Als Tracker, der sich mit einem Teenager (Jenny Agutter) und ihrem jungen Bruder (gespielt von Roegs Sohn Luc) anfreundet, als sie nach dem Selbstmord ihres Vaters im Outback gestrandet sind, verkörperte er einen unberührten Naturalismus, der sich von allem anderen in der damaligen Filmschau unterscheidet. Freunde, die 2002 in der Fernsehdokumentation Gulpilil: One Red Blood interviewt wurden, bestanden darauf, dass er nicht so tat, als ob er seine Szenen, wie den kraftvollen Liebestanz, den er für Agutter aufführte, mit unbewachter Aufrichtigkeit spielte.

David Gulpilil in Walkabout, 1971, mit Jenny Agutter und Luc Roeg, dem Sohn des Regisseurs Nicolas Roeg.

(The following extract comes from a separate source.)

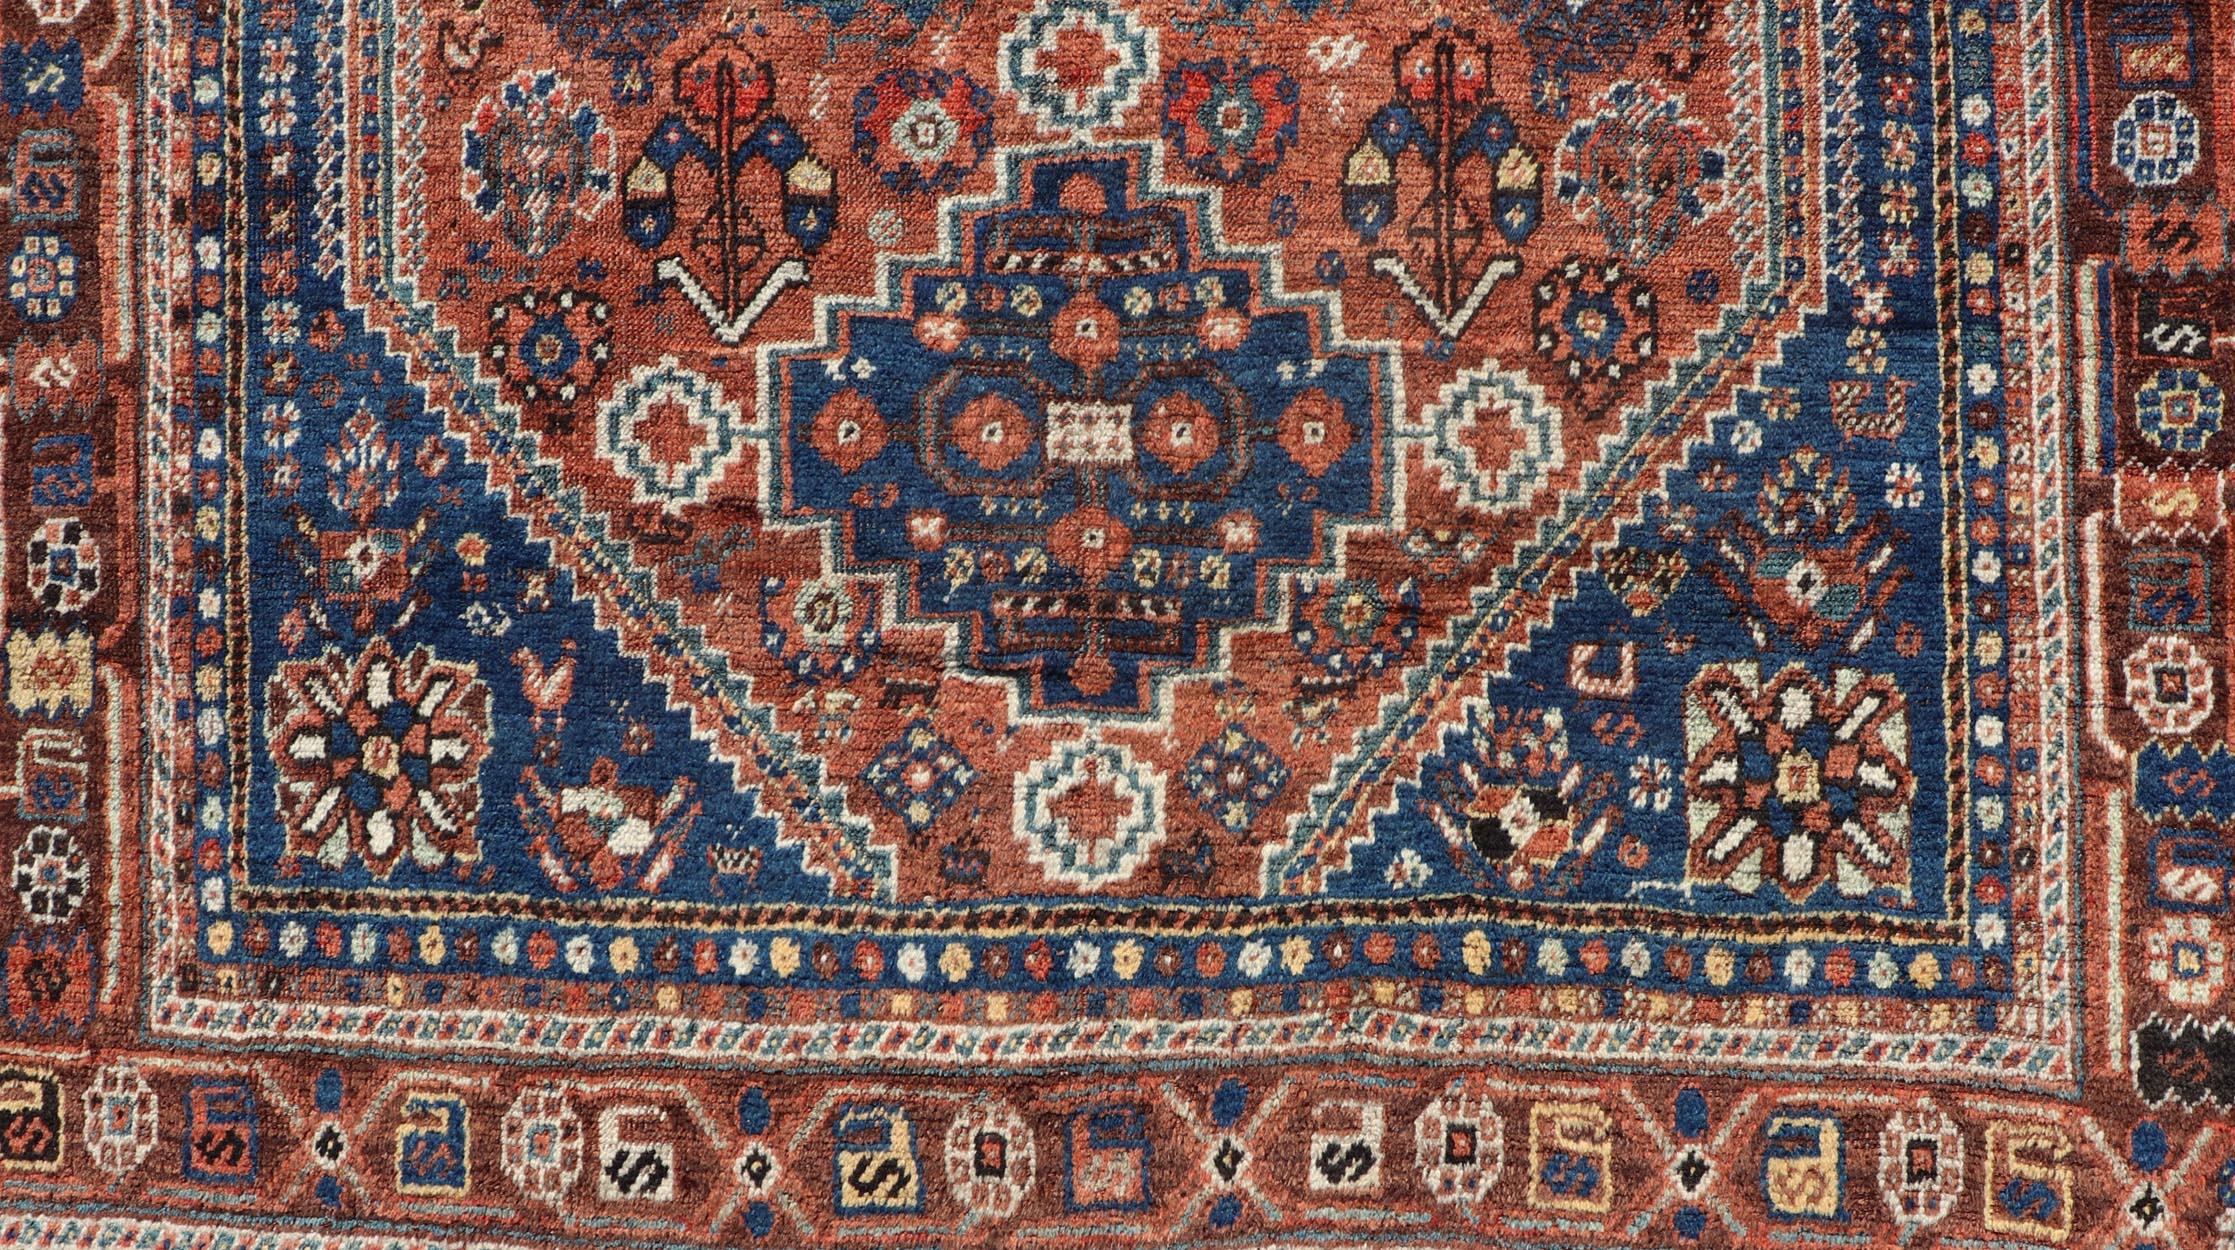 Persian Shiraz antique rug in blue and brunt orange with Medallion geometric design, Keivan Woven Arts / rug EMB-9706-P13456, country of origin / type: Iran / Shiraz, circa 1920.

Measures: 5'2 x 6'10.

Foto: Max Raab/Si Litvanoff/Kobal/Rex/Shutterstock

Obwohl er im Film kein Englisch sprach, vermittelte Gulpilil ungehindert eine Bedeutung für das Publikum, das sicherlich nie zuvor jemandem wie ihm im Film begegnet wäre. (Darstellungen indigener australischer Charaktere im damaligen Kino, wie das Drama Journey Out of Darkness von 1967, wurden von Schauspielern anderer Ethnien gemacht.) Was nicht heißen soll, dass er diesen zweideutigen, poetischen Film unbedingt verstand. Von einem jungen Fan gefragt, warum sich sein Charakter am Ende erhängt habe, sagte er: „Ich will es auch wissen!“

Seine Reichweite wurde durch zwei sehr unterschiedliche Filme aus dem Jahr 1976 veranschaulicht: der Familienliebling Storm Boy, in dem er einem Jungen hilft, Pelikane zu züchten, und das Outlaw-Abenteuer Mad Dog Morgan mit Dennis Hopper als irischem Bushranger des 19. Jahrhunderts und Gulpilil as sein Mittäter. Ihre Dynamik wurde aus dem Off reproduziert: Es waren Hoppers trinkfreudige Possen, die den jüngeren Schauspieler mit Drogen und Alkohol bekannt machten, Süchte, die sein späteres Leben verderben würden. (Er wurde 2011 inhaftiert, weil er seine Frau angegriffen hatte, und ging später in die Reha.)

Während der Dreharbeiten zu Mad Dog Morgan verschwand Gulpilil aus den Dreharbeiten und musste von indigenen Fährtenlesern geborgen werden. Nach seiner Rückkehr erklärte er, dass er die Kookaburras und die Bäume nach ihrer Meinung über seinen Co-Star fragen wollte. „Sie alle sagen, Dennis ist verrückt“, berichtete er.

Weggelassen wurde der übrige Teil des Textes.